Tales of matchstick men

Dr Steven McCabe writes "Growing up in the 1970s there seemed to be matches everywhere in our house. Matches were an essential staple in most households and the main producers made a great deal of money for what was a simple item. "

Ivar Kreuger

Growing up in the 1970s there seemed to be matches everywhere in our house. Matches were an essential staple in most households and the main producers made a great deal of money for what was a simple item.

Going into matches never figured in my thoughts as to a career choice, though for previous generations they offered the potential to make fortune. I was reminded of this when reading about the recent announcement of the retirement of Swede Ingvard Kamprad who was chairman of Stiching INGKA Foundation which controls the Ikea group; owner of 302 of the almost 350 stores worldwide.

Billionaire Mr Kamprad, 87, founded Ikea in 1943. and built up a global brand based on giving value to customers through rigorous personal attention to cost control and product development. Mr Kamprad is noted for his frugality and parsimony which he expects of staff.

This obsession with cost is undoubtedly born from his upbringing and the fact that he developed his entrepreneurial skills as a boy selling matches which he had bought in Stockholm and sold at profit to neighbours locally.

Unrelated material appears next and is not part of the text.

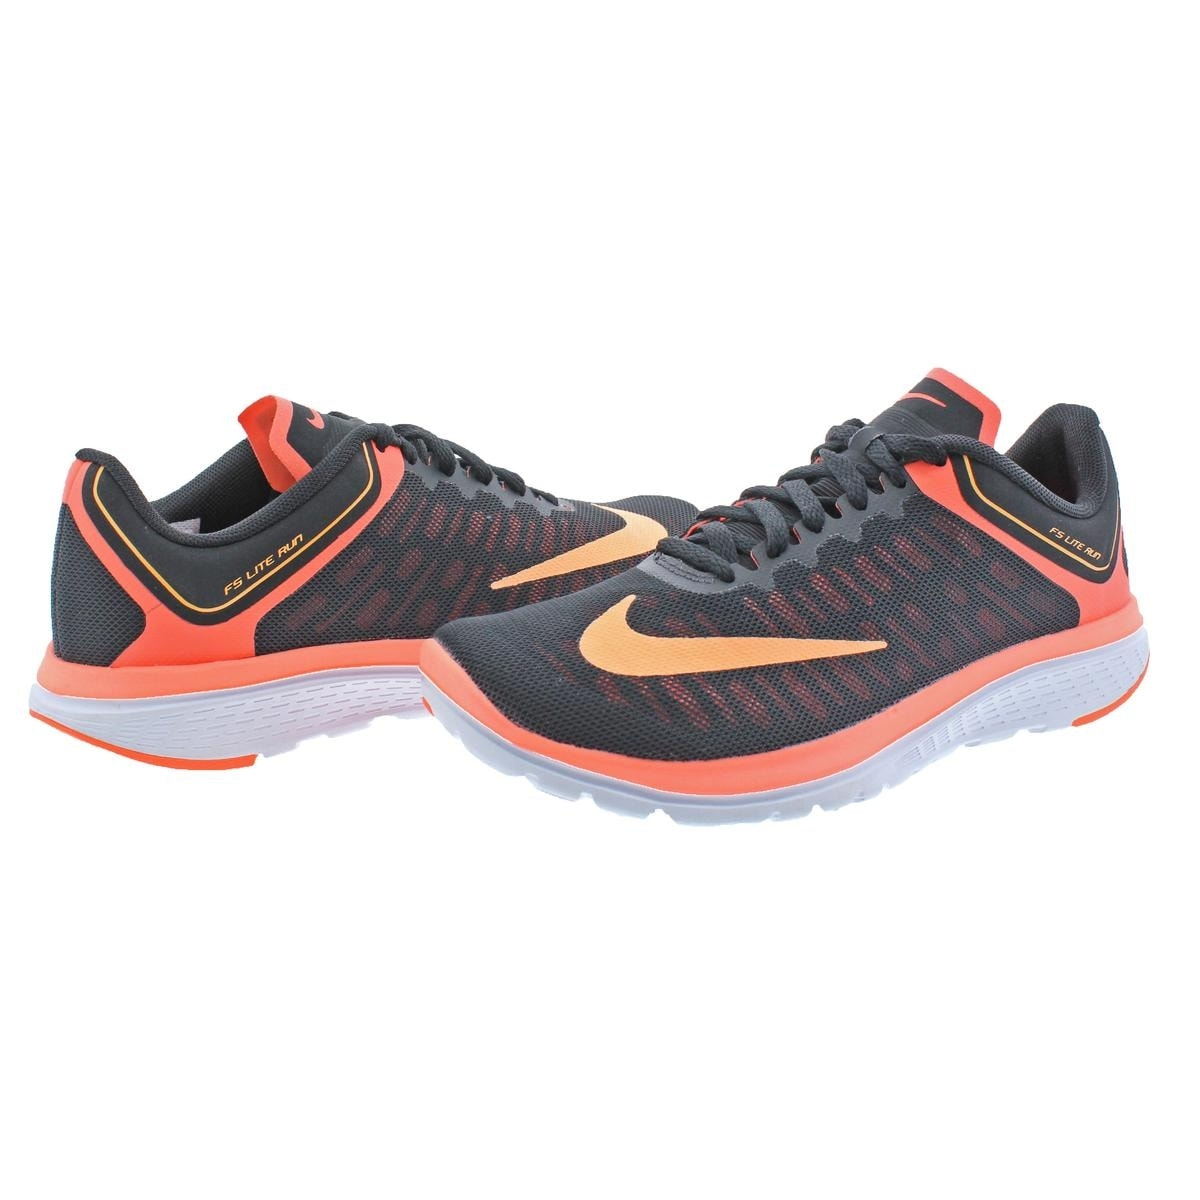 cbd444b8f497 Shop Nike Womens FS Lit Run 4 Running Shoes Fitsole Fitness - Ships To  Canada - Overstock - 22118786

Though Mr Kamprad went on sell other products before starting Ikea it’s likely that he would have been aware of a Swede from a previous generation who had became incredibly rich using match production before allegedly committing suicide in 1932 just before he was about to be exposed as a fraudster on a scale rivalling the notorious financier and swindler Bernard Madoff.

Ivar Kreuger was so successful developing a monopoly on match production across Europe and Central and South America that he was able to control almost three quarters of worldwide production and became known as the ‘Match King’.

This monopoly allowed Kreuger to implement financial schemes that made him one of the wealthiest men in the world but which ultimately caused many to lose fortunes when his schemes were exposed as being fraudulent.

Today we see the match as an extremely cheap and simple device unworthy of attention. The safety match when invented was a revelation and occurred in 1844 when Swedish professor Gustaf Erik Pasch developed a way to replace the very poisonous (and easily ignitable) yellow phosphorus with non-poisonous red phosphorus. Crucially Pasch was able to patent the separation of the chemical ingredients so that ignition would only happen when the red phosphorous came into contact with the outside of the box when struck.